What other case, particularly in Unix, is going to lead to having multiple processes with roughly the same code?
Forking is a little bit more complex than shared libraries. Shared libraries consist almost entirely of code, so we can map the shared library when the process is created. When a process forks though, the child process and the parent process have to be isolated. Both of the processes must be able to write their own address space.
How can we optimize when fork copies an address space? Let's think about it. What other system calls will usually follow a fork? exec().
Usually after a fork, the child's address space is mostly the same as the parent's up to the exec. It really doesn't make much sense to copy all that address space given that all that copying is going to be useless. So what do we do?
One way to do a fork is Eager Copying, where we copy the address space immediately.
For example, suppose we have a process A which has its own code A1, data A2, and a stack A3 mapped anywhere to physical memory as shown below.
Now suppose process A calls fork and creates a new virtual address space for process B as A's child. In order to create B's address space we go ahead and copy its code, data and stack. So B1 is a copy of A1, B2 is a copy of A2, and B3 is a copy of A3, as shown below.
For eager copying, as soon as we know that we need a copy, we make that copy. Eager copying is simple because we know that the two addresses are isolated.
In lazy copying, we copy on demand, meaning we delay the copy until it is required.
How can we execute lazy copying? For the example above, what if we started with a completely empty address space for B and on a page fault for some virtual address va we copy va from the parent? Will this work?

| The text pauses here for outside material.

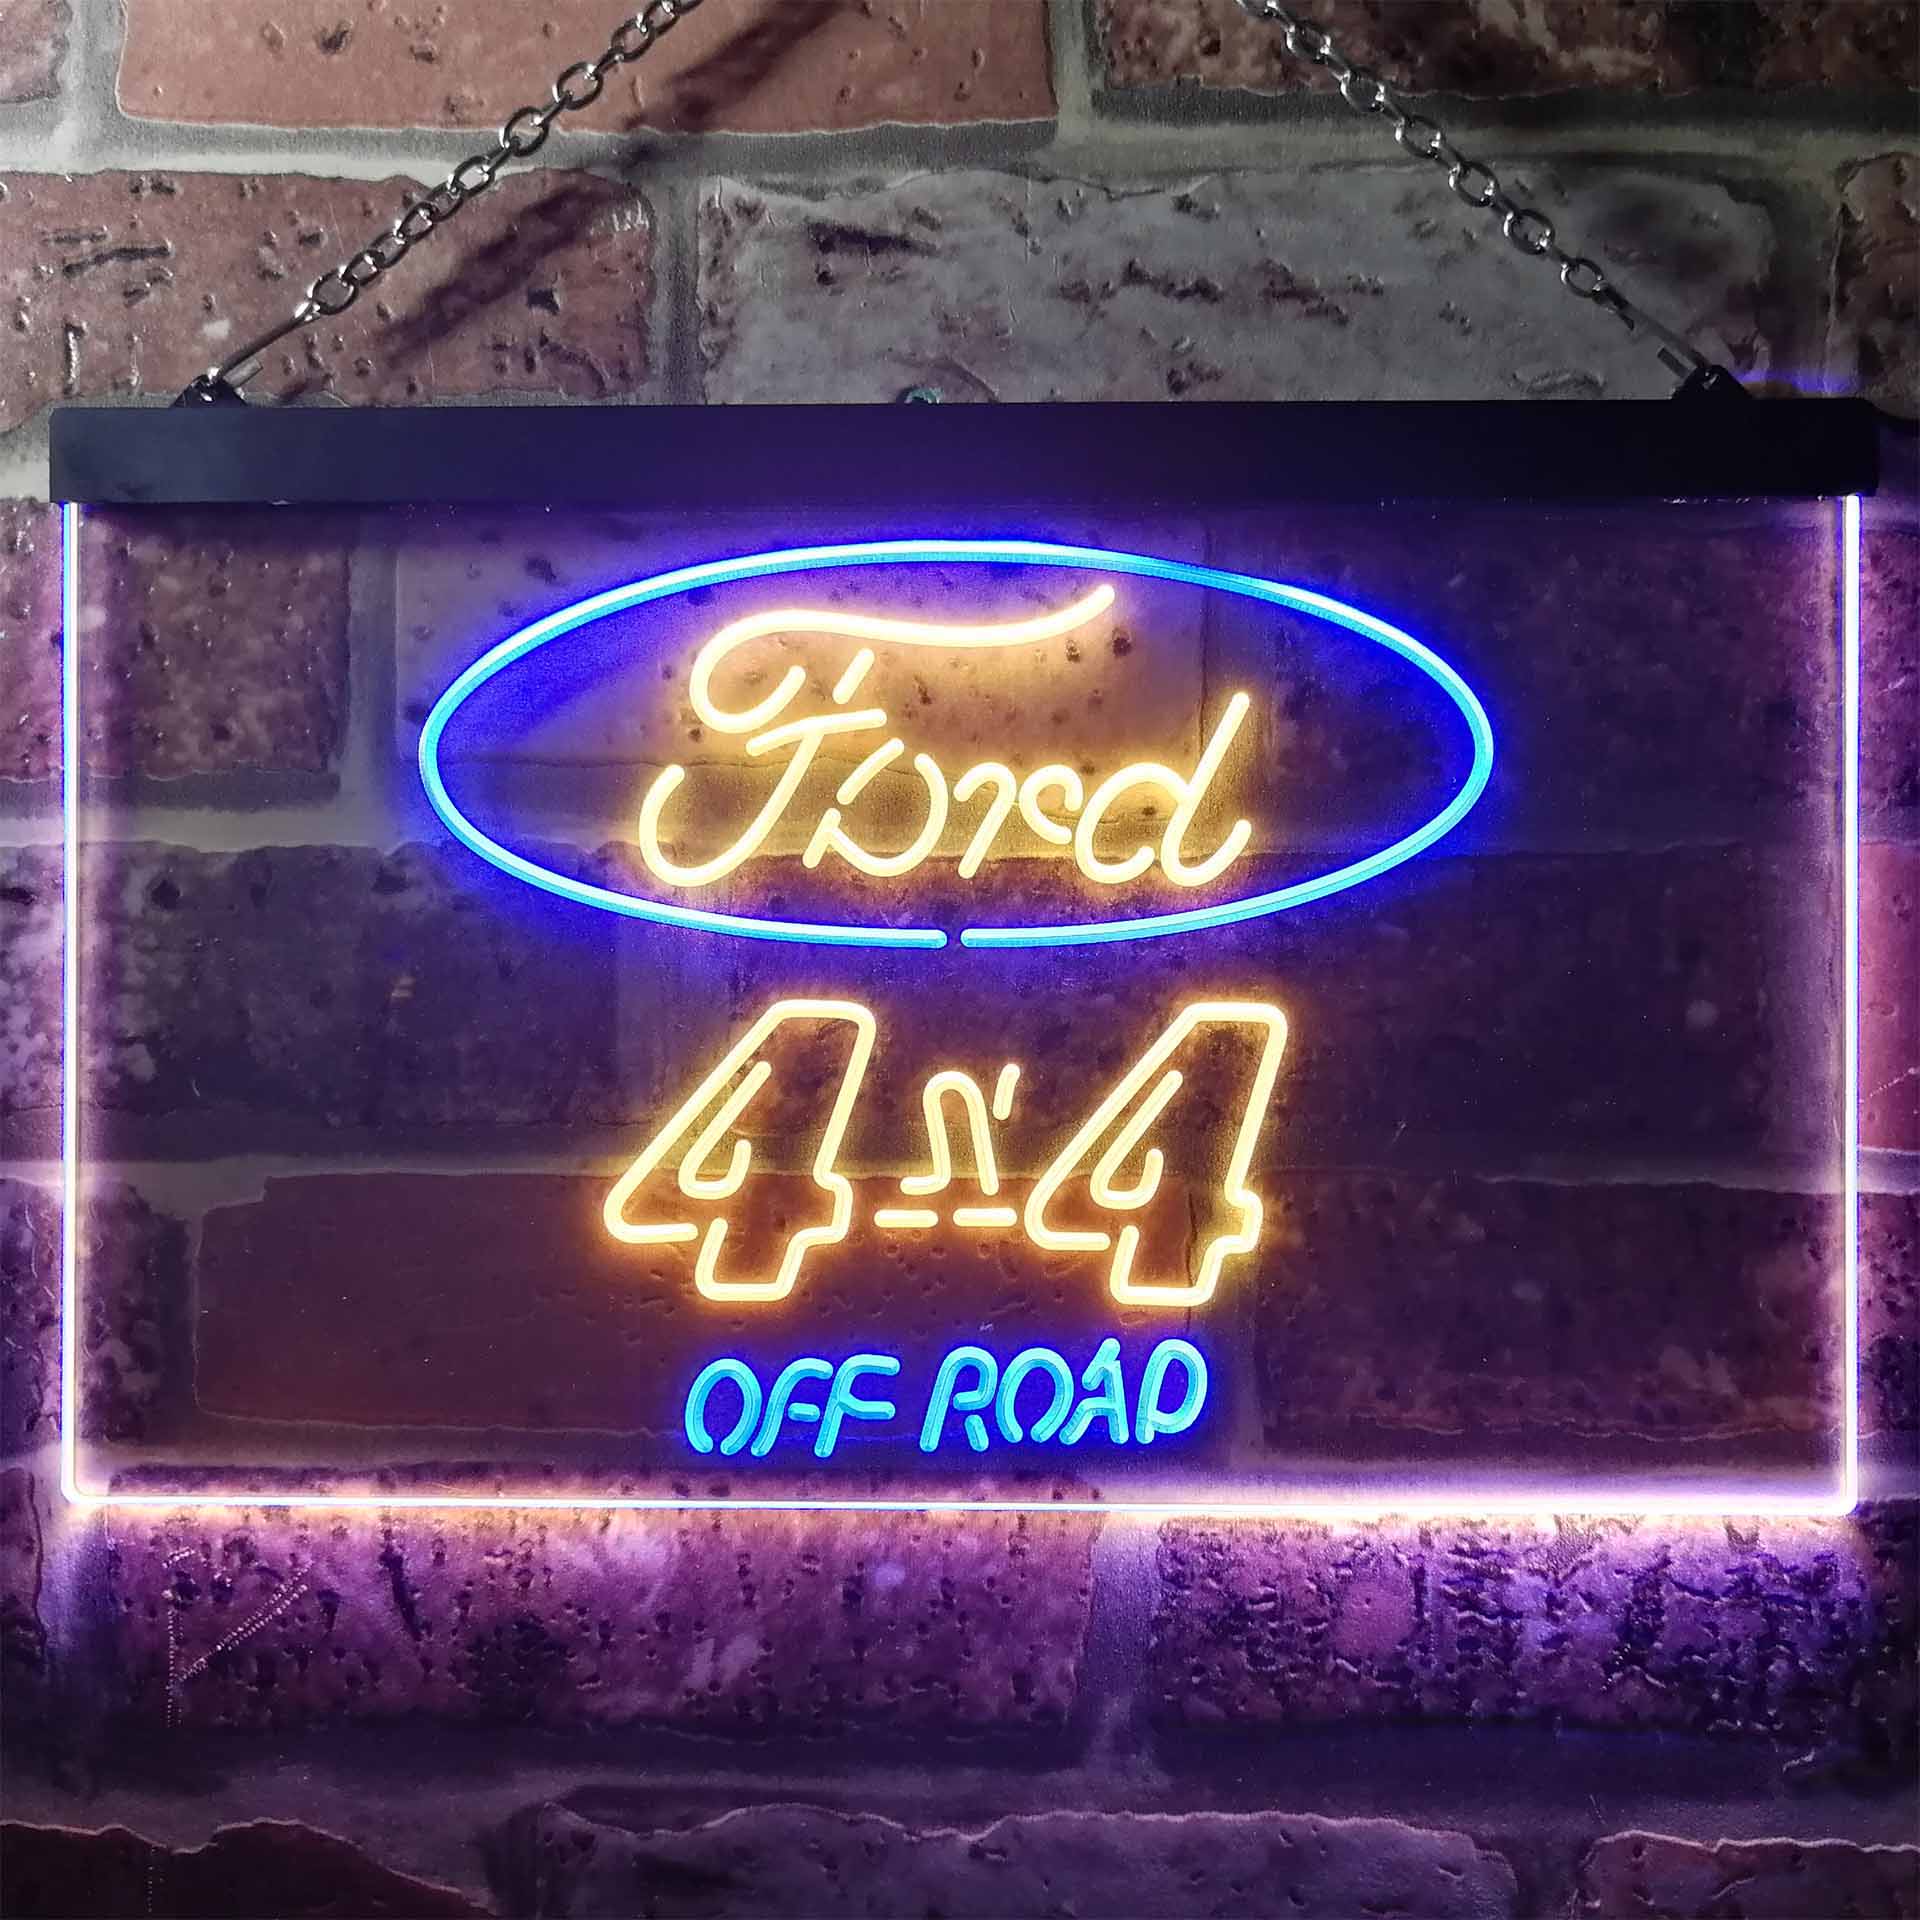 Ford 4x4 Off-road Jeep Neon-Like LED Sign

What if we temporarily make the entire address space read only?
Let's take a look back to the basics of our page fault handler to refresh our memory:
Now let's do our original forking example, but this time with lazy copying.
We do the fork and B's address space is copied from A's, but this time B's page table marks each of these pages as mapping onto the same pages as in A. At the same time we mark all of A's pages and all of B's pages as read only.
With copy-on-write fork, we make the child's address space a copy of the parent's, then we mark the child's and the parent's address spaces as read only, and then we continue running.
What page might likely first receive a page fault?
What happens when the page fault handler gets called?
Now let's flesh out our page_fault_handler a little to help us out:
page_fault_handler(uintptr va, int cpl, bool write){
vp = vpage_info(current, va);
if(vp is copy_on_write){
copy the page contents into a new page
mark va as pointing to the new page with pgdir_set(current pgdir, va, new page pte)
}
}
Now, let's look back to our previous example to see how we can use copy-on-write fork.
If we assume B runs first and that B's stack page is the first to receive a write, here's what will happen:
The process can’t tell the difference between eager copying and lazy copying except for its speed. Now fork runs much faster.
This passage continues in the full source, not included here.